Privacy Policy
SERB takes legal compliance and ethics very seriously.
Purpose of the whistleblowing system
The whistleblowing system (BKMS® System) serves the purpose of securely and confidentially receiving, processing and managing reports regarding violations of applicable laws or internal rules of the SERB Group.
The SERB Group comprises SERB (8 avenue Beaumont, L-219 Luxembourg, Luxembourg), STARK INTERNATIONAL LUX (8 avenue Beaumont, L-219 Luxembourg, Luxembourg), SERB HOLDING FRANCE (40 avenue George V, 75008 Paris, France) and the other SERB entities as listed here: https://serb.eu/#our-presence (hereafter also: “SERB”).
The whistleblowing system is open to all current or former, permanent or temporary employees of SERB (“employees”), SERB's customers, suppliers, consultant, as well as third parties contractually linked to any SERB entity (all together referred to as a “Whistleblower”), to the extent the report is provided in good faith.
Good faith on the part of a Whistleblower means a lack of malice, willingness to harm and any absence of a counterpart or compensation of any kind. Hence, the Whistleblower must have reasonable grounds to believe in the truthfulness of the statements reported in his/her report.

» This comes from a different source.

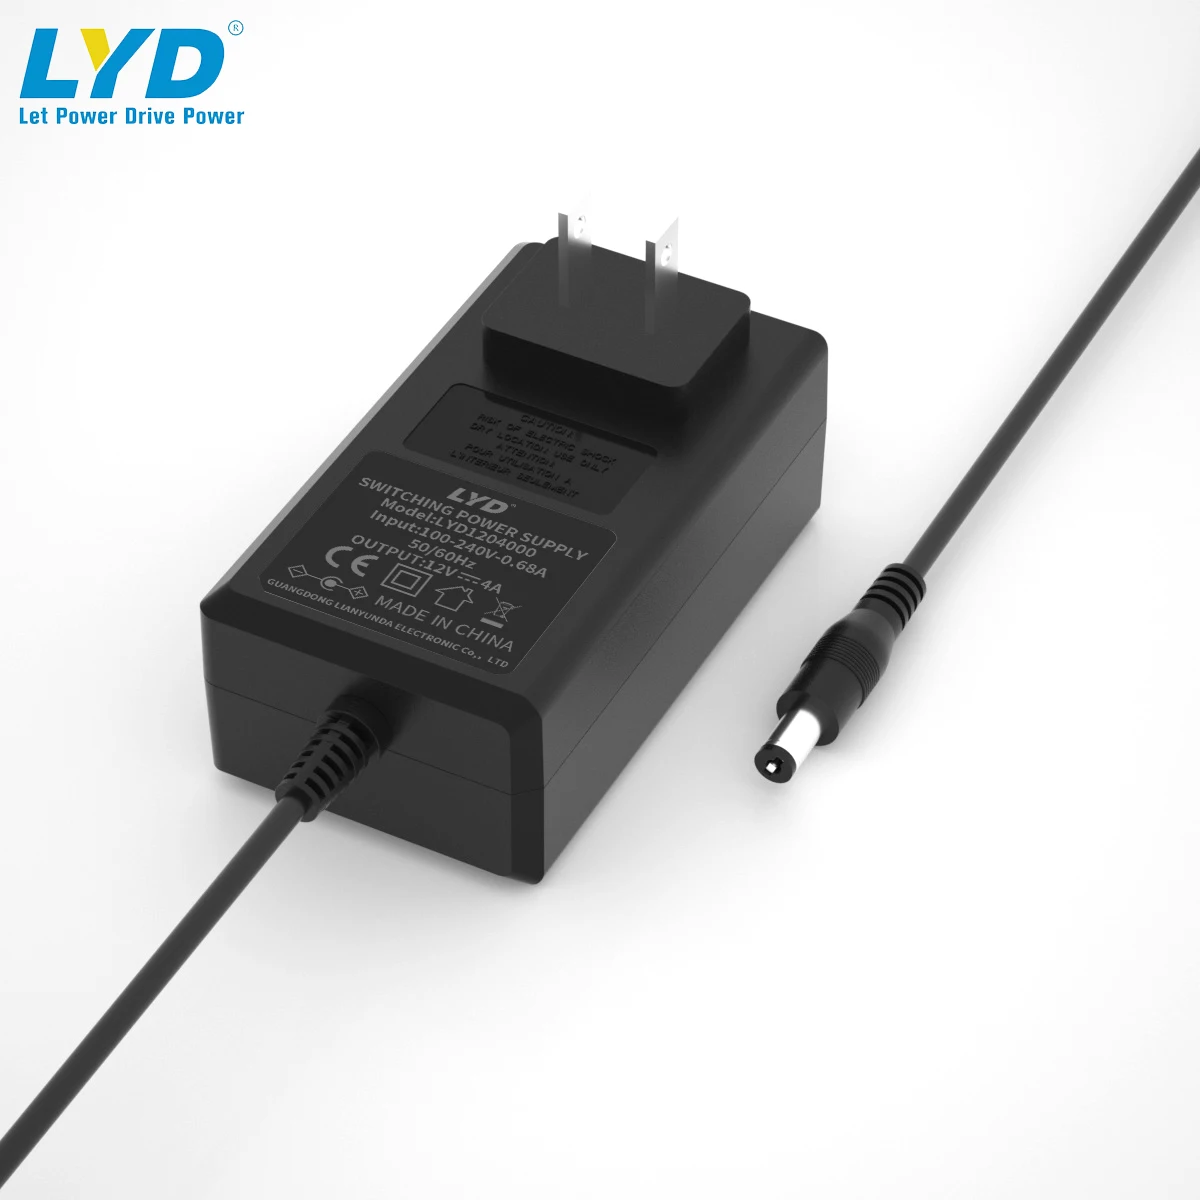 12V 1.5A Sunny UL Certified AC/DC Power Supply Adapter for Security Camera

It is therefore important to remember that any abusive or bad faith use of the whistleblowing system may expose its author to civil and/or criminal prosecution.
Thus, any Whistleblower who acts in good faith, in a disinterested manner and who has personally had knowledge or personally observed:
- A fact which he considers to constitute:
- A crime or a misdemeanour,
- A serious and manifest violation of an international commitment regularly ratified or approved by a country in which SERB operates,
- A serious and manifest violation of a unilateral act of an international organization formulated on the basis of an international commitment regularly ratified,
- A serious and manifest violation of the law or regulation,
- A threat or serious prejudice to the public interest,
- The existence of conducts or situations contrary to the Code of Conduct (available at www.serb.eu) that may notably constitute corruption or influence peddling
May bring this information to the SERB's attention by filing a report in the BKMS® System.
The report may not, however, relate to matters covered by national defence secrecy, medical secrecy or the secrecy of relations between a lawyer and his client.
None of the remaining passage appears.